### WHAT YOU NEED TO DO
Copy out exactly the lines spanning the line with "Wild trapdoor burrow (Arbanitis)" to the line with "1933-1945: Dokumentennachlass des", inclusive, from the data underneath, with no pictures.

### RECORDS TO PROCESS
------------------------------------------------
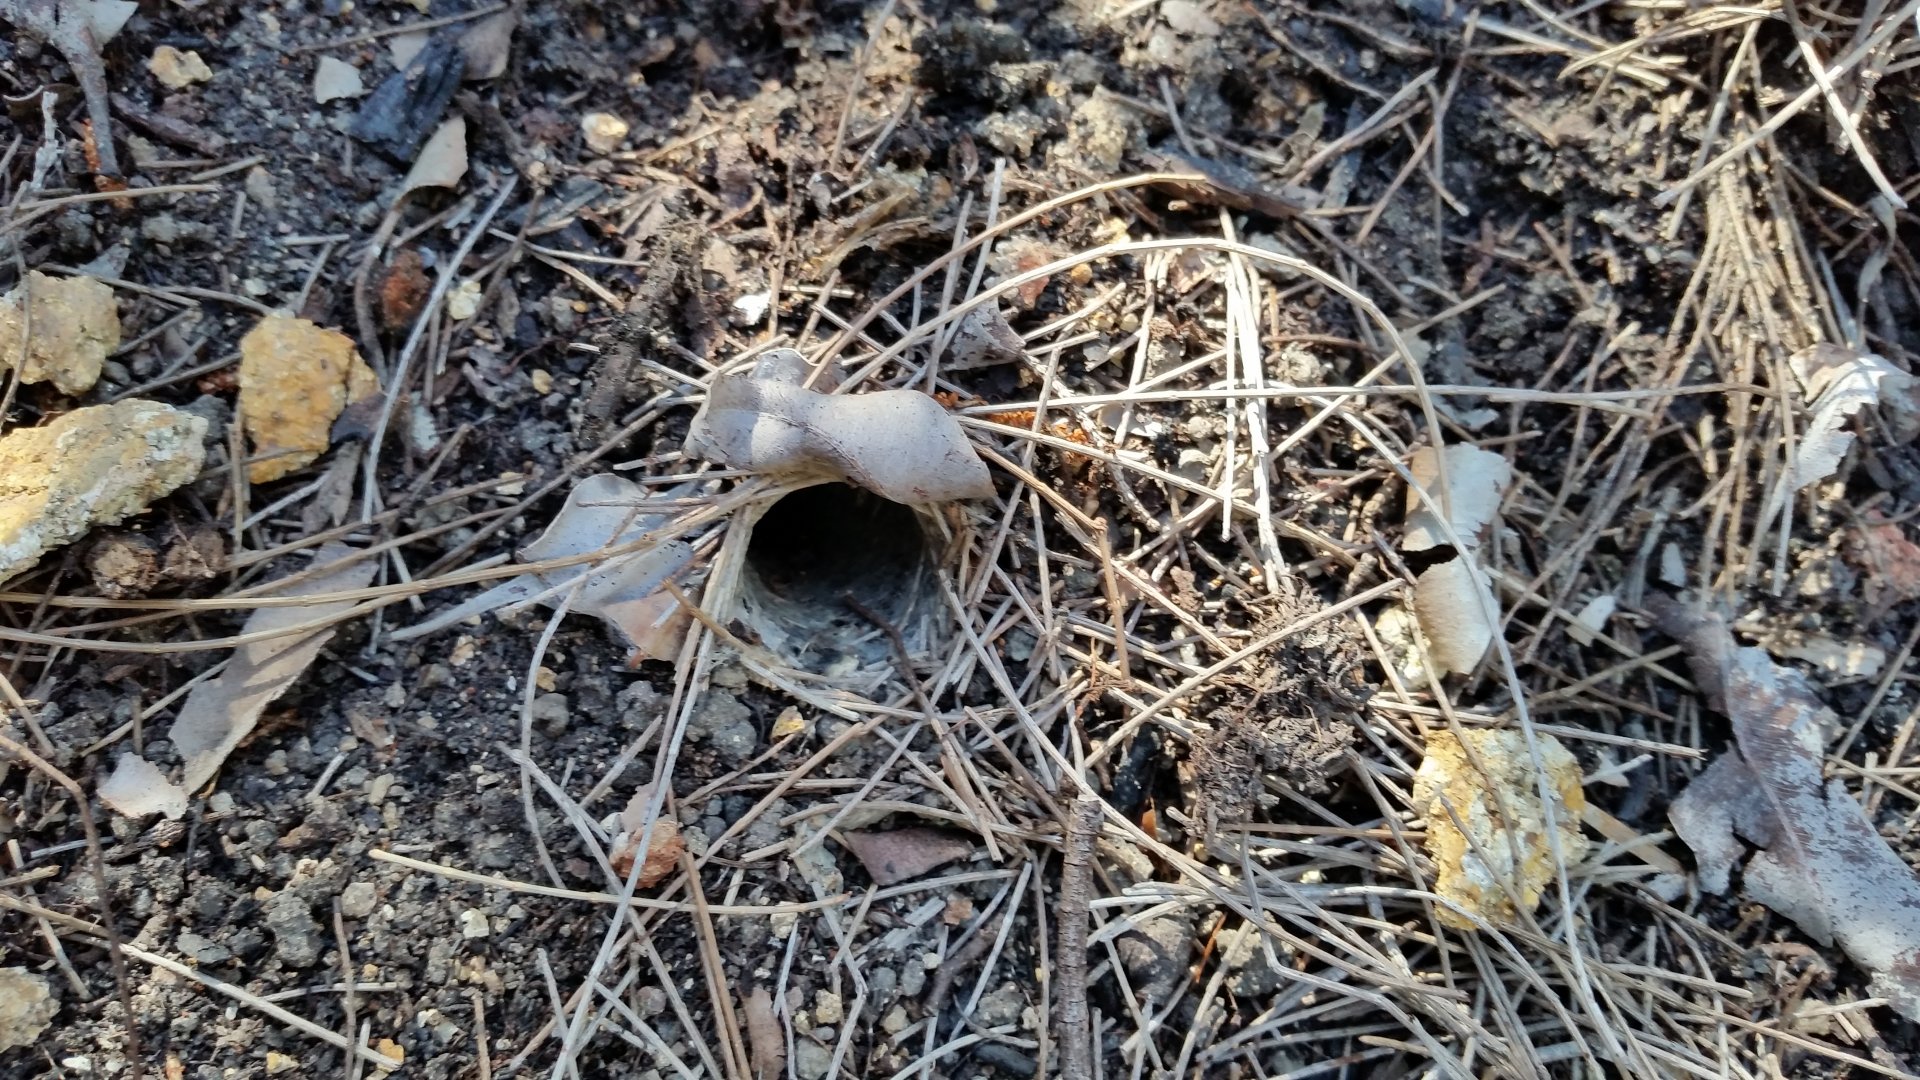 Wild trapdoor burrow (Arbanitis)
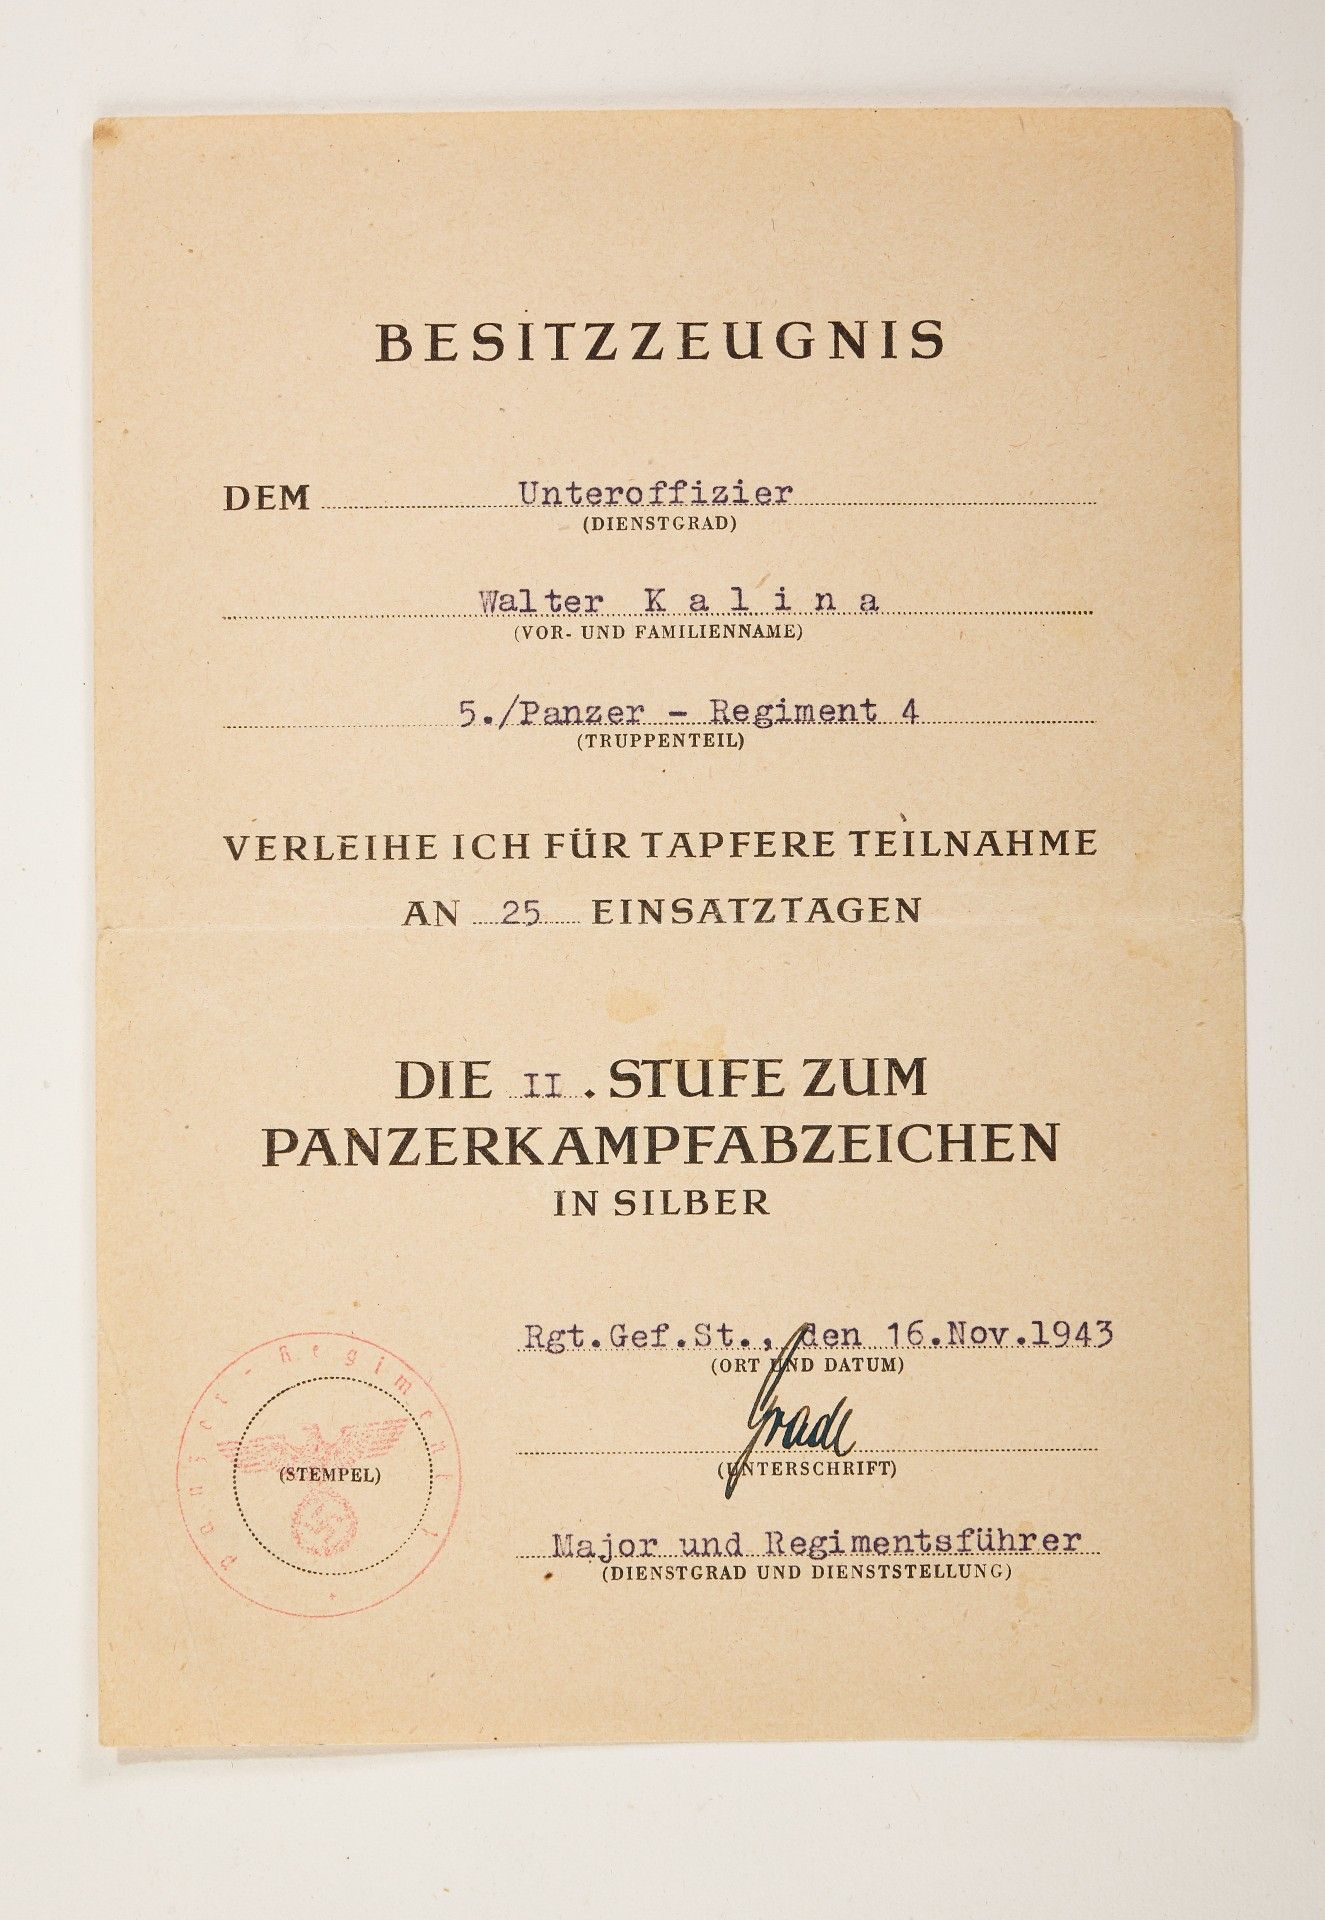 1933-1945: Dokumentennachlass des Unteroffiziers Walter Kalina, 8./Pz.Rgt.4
------------------------------------------------
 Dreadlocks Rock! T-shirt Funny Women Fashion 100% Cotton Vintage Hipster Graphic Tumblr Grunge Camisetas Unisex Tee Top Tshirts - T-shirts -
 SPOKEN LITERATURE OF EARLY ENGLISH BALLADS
------------------------------------------------
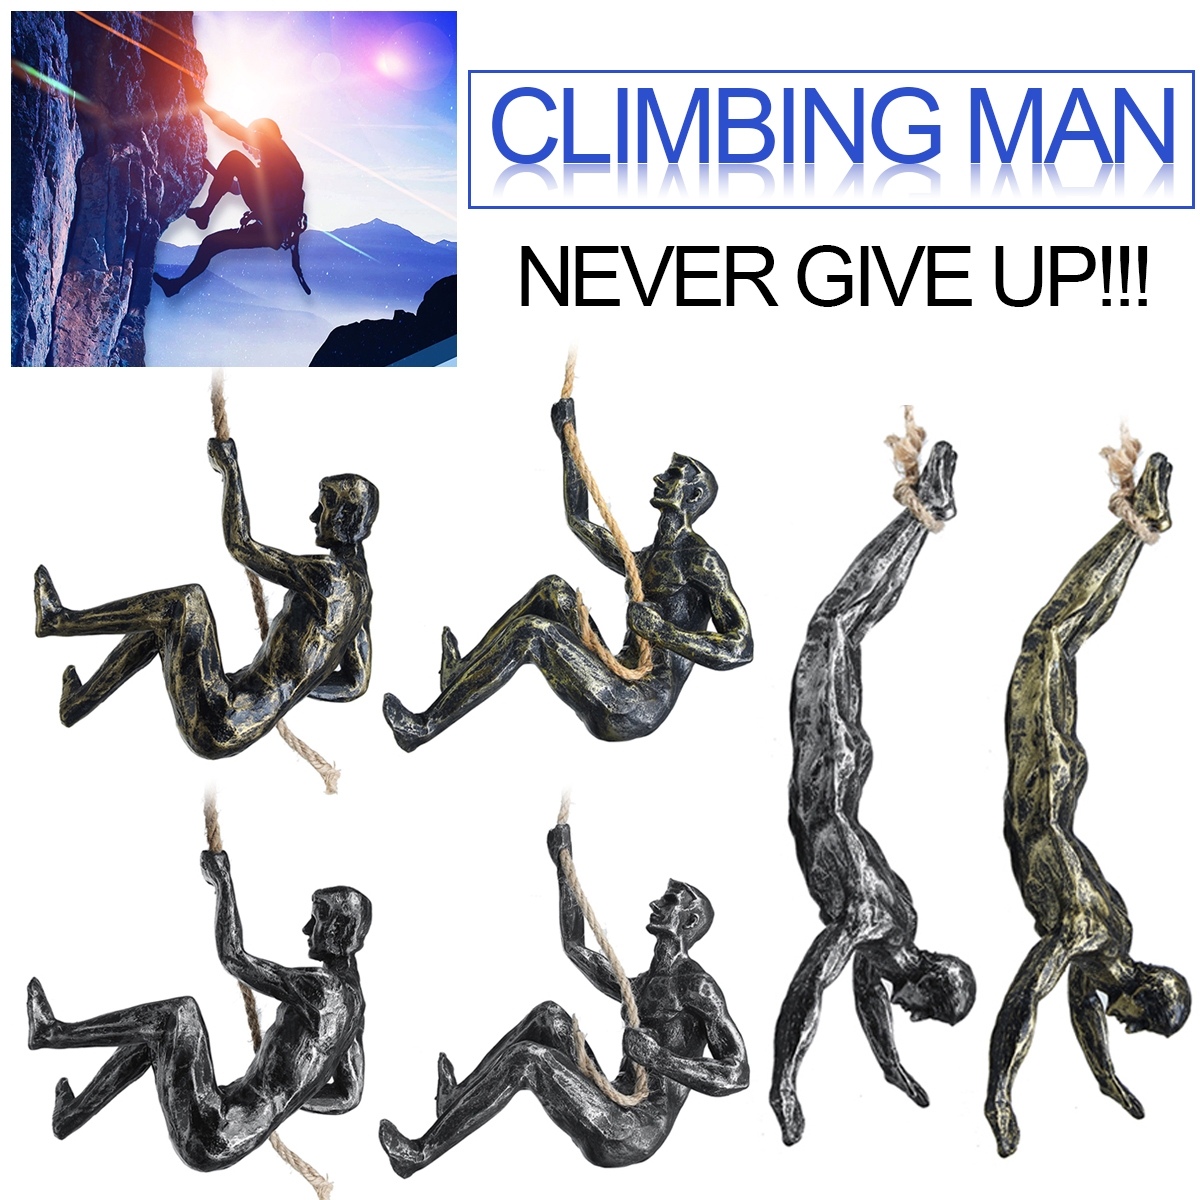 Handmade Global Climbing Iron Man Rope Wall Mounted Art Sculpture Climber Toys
------------------------------------------------
### TASK RESULT
 Wild trapdoor burrow (Arbanitis)
 1933-1945: Dokumentennachlass des Unteroffiziers Walter Kalina, 8./Pz.Rgt.4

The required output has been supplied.